-- AVAILABLE DATA follows --

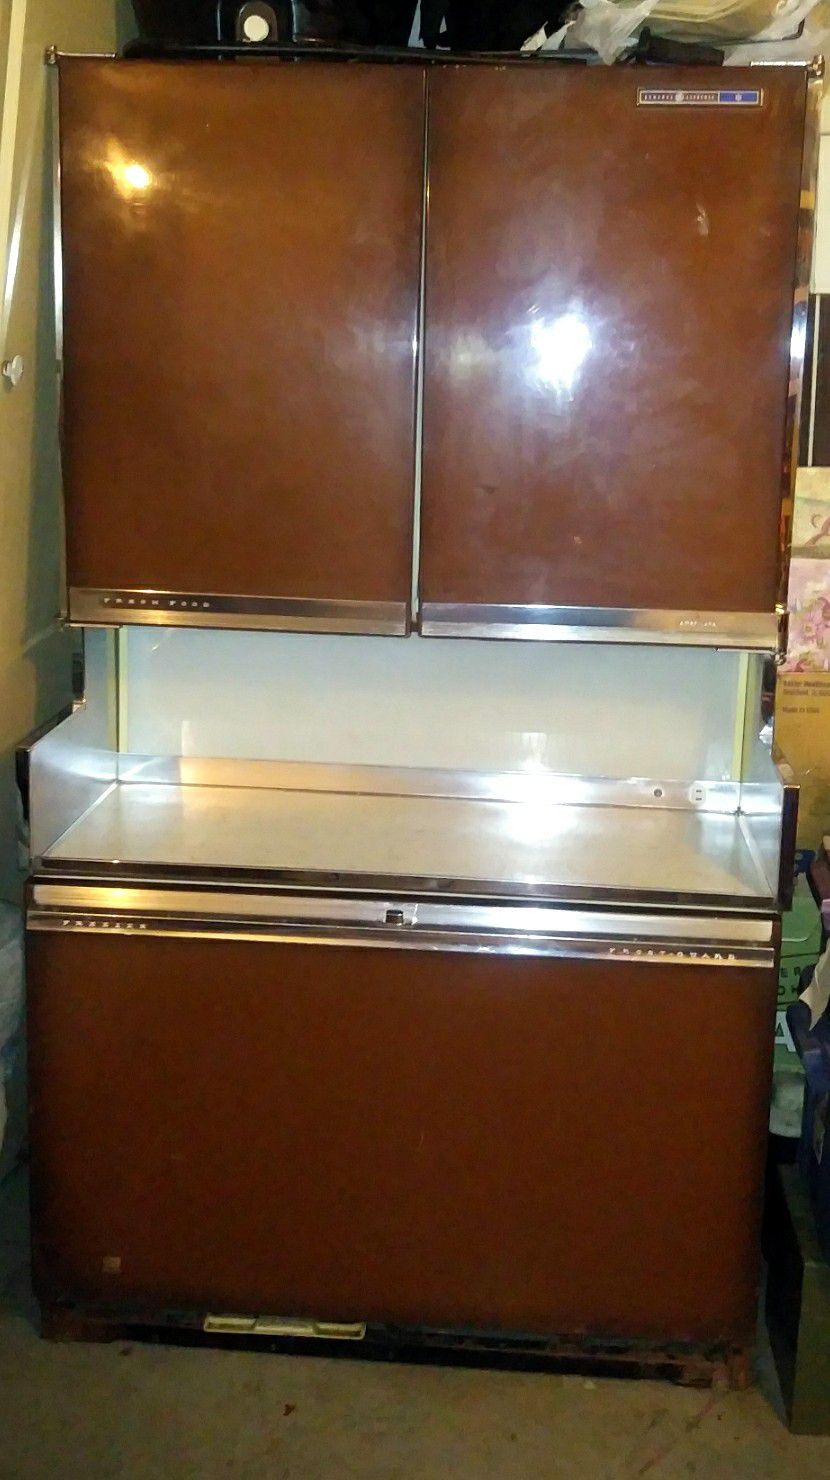 Vintage 1964 General Electric Americana Refrigerator
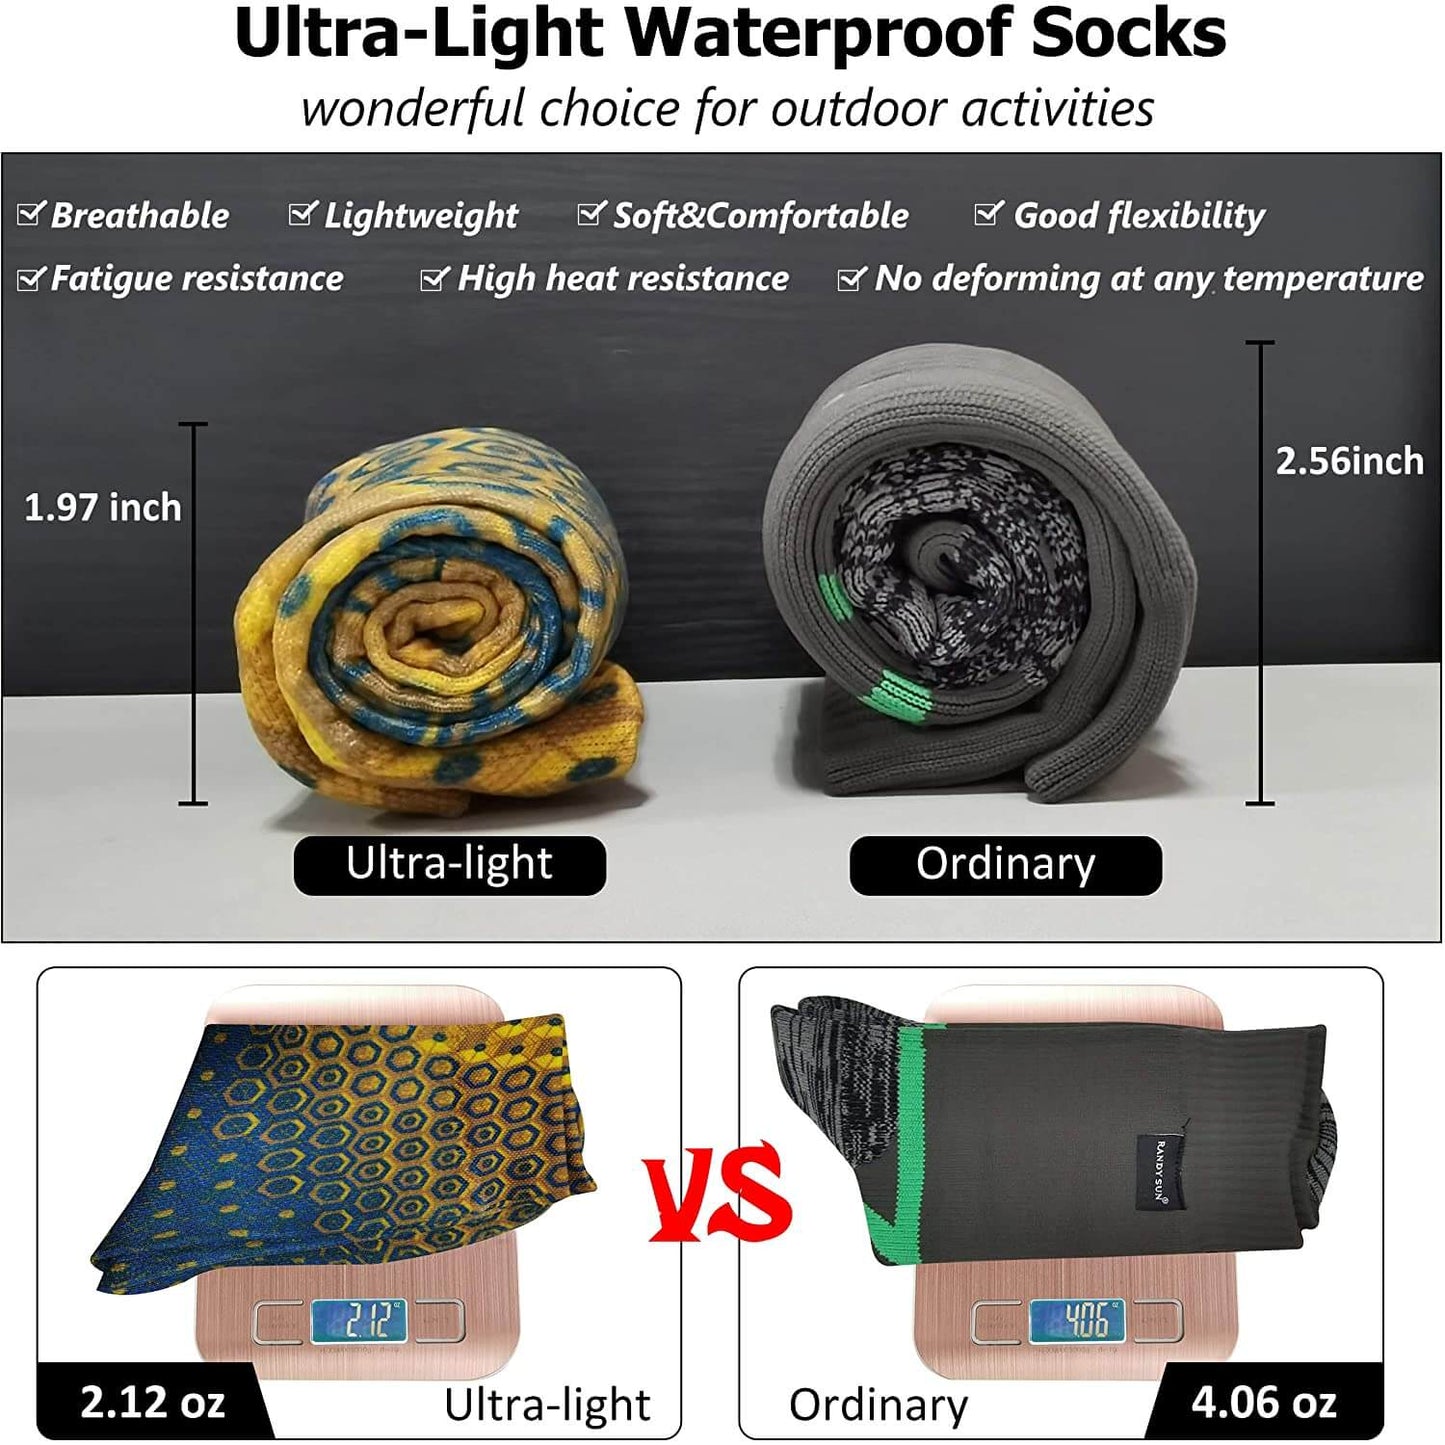 light waterproof socks
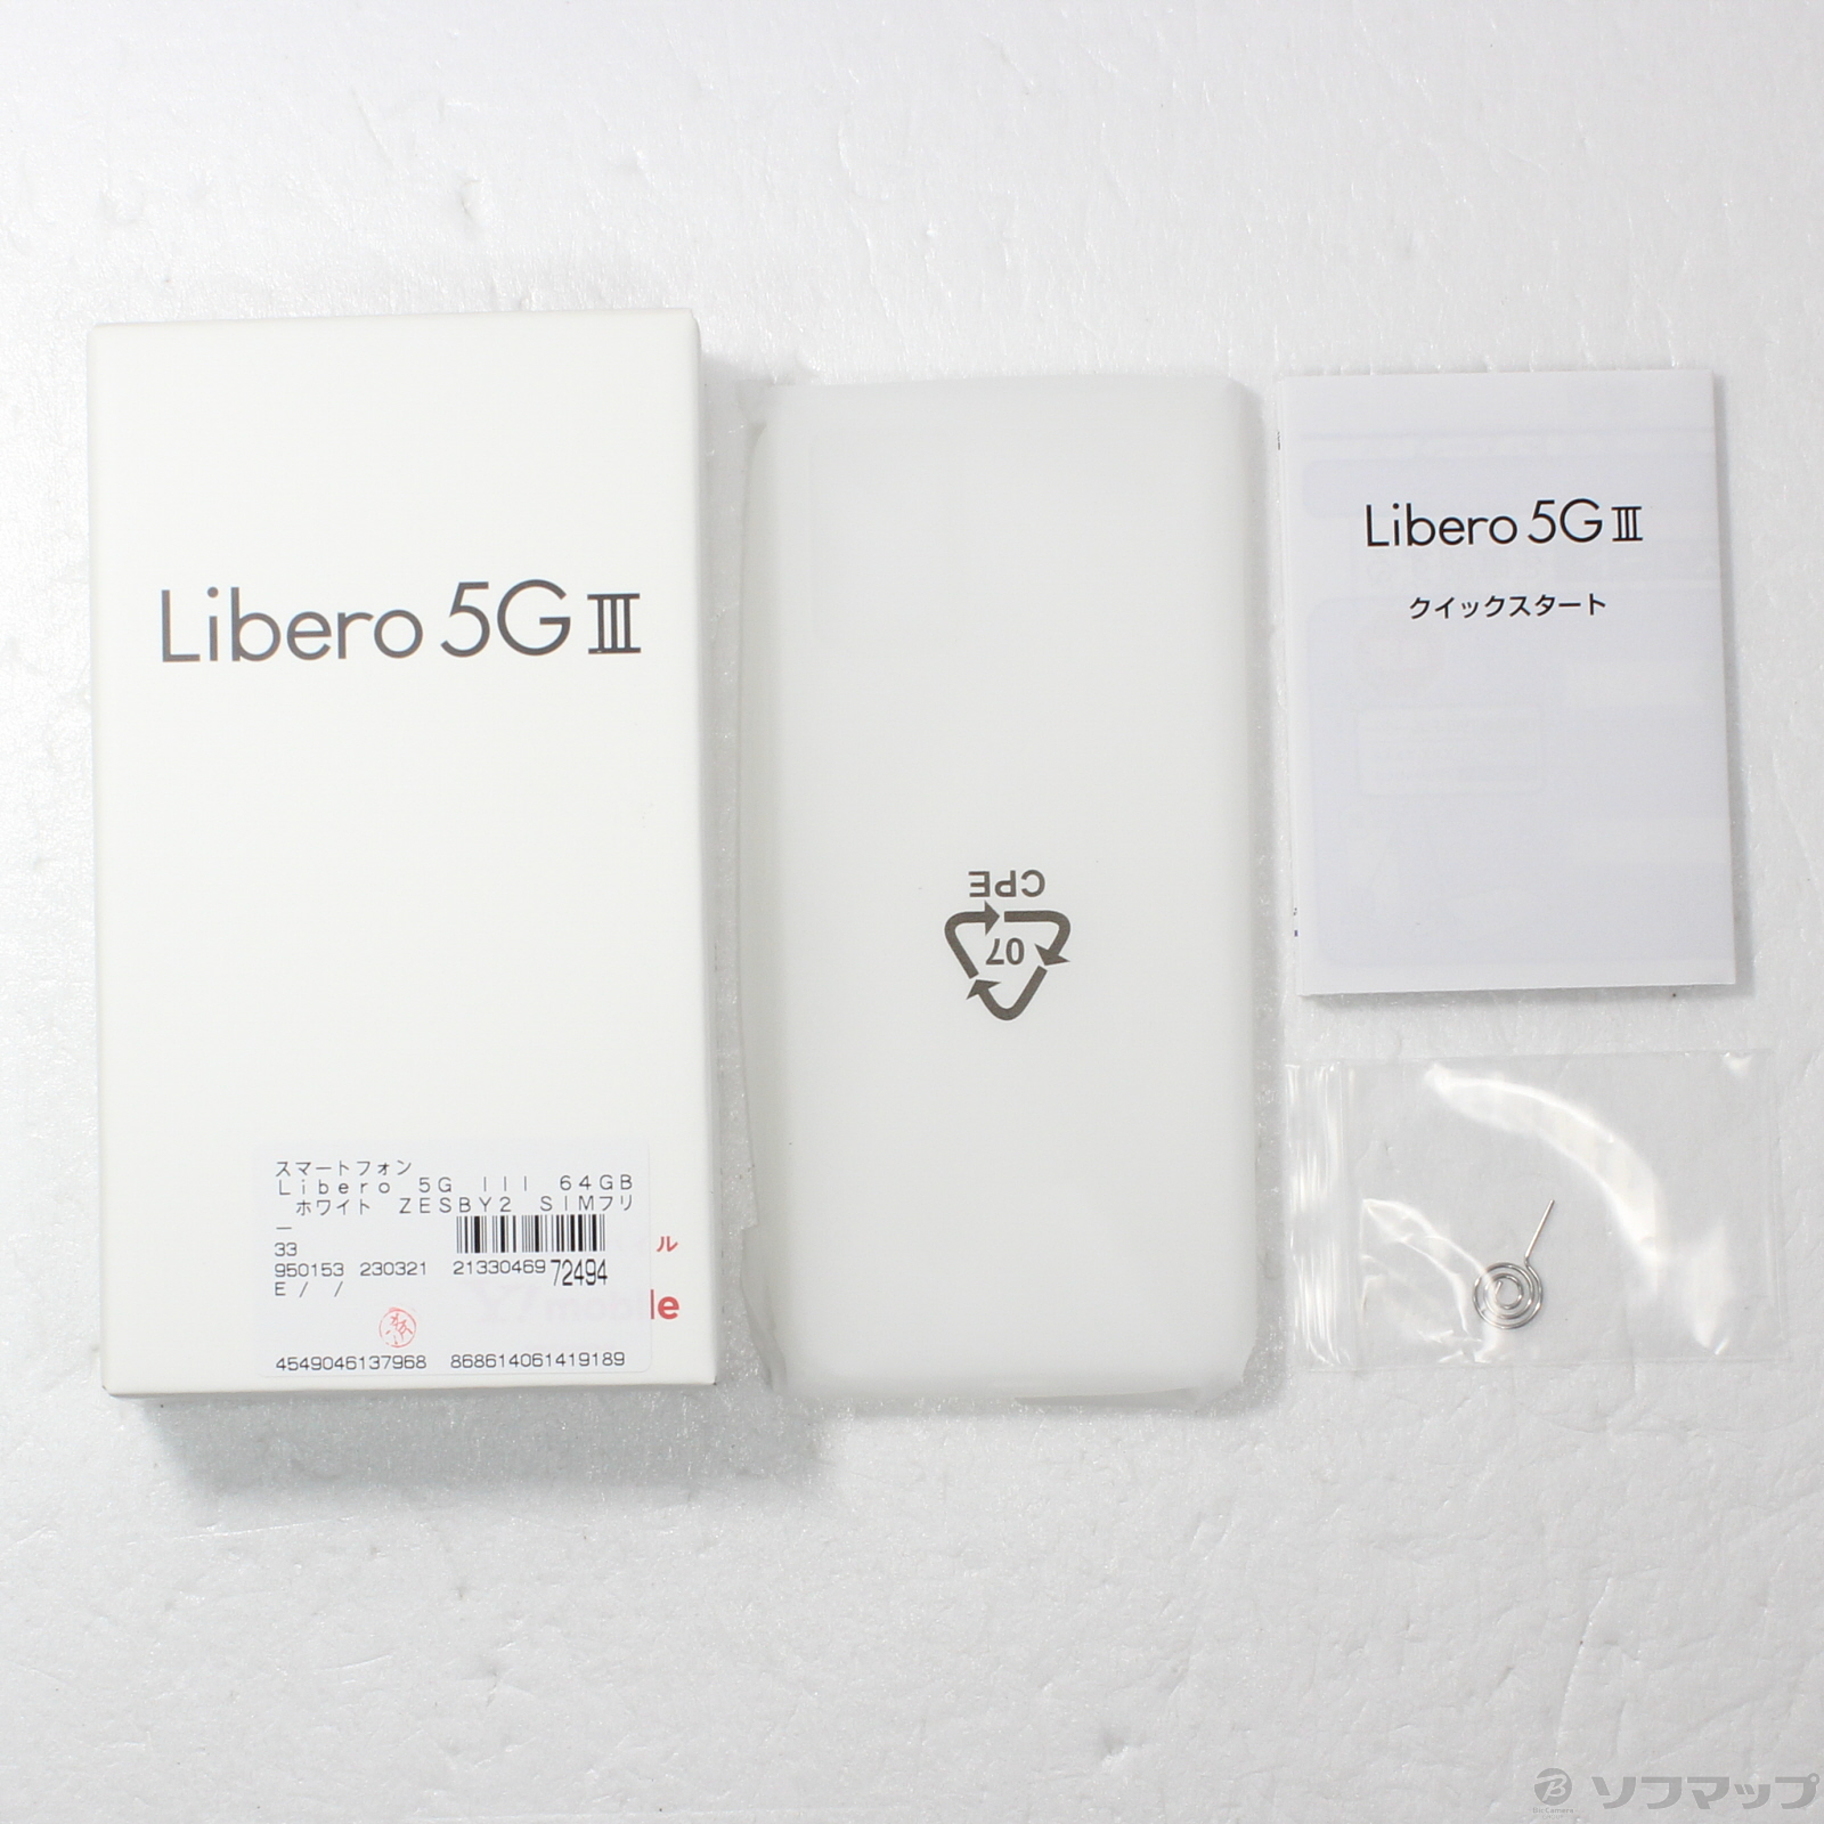 中古】Libero 5G III 64GB ホワイト ZESBY2 SIMフリー [2133046972494 ...

-- AVAILABLE DATA concluded --

**WHAT THIS TASK INVOLVES:** What is needed is an exact copy of the data, with the pictures removed.

**RESPONSE:**
 Vintage 1964 General Electric Americana Refrigerator
 light waterproof socks
 中古】Libero 5G III 64GB ホワイト ZESBY2 SIMフリー [2133046972494 ...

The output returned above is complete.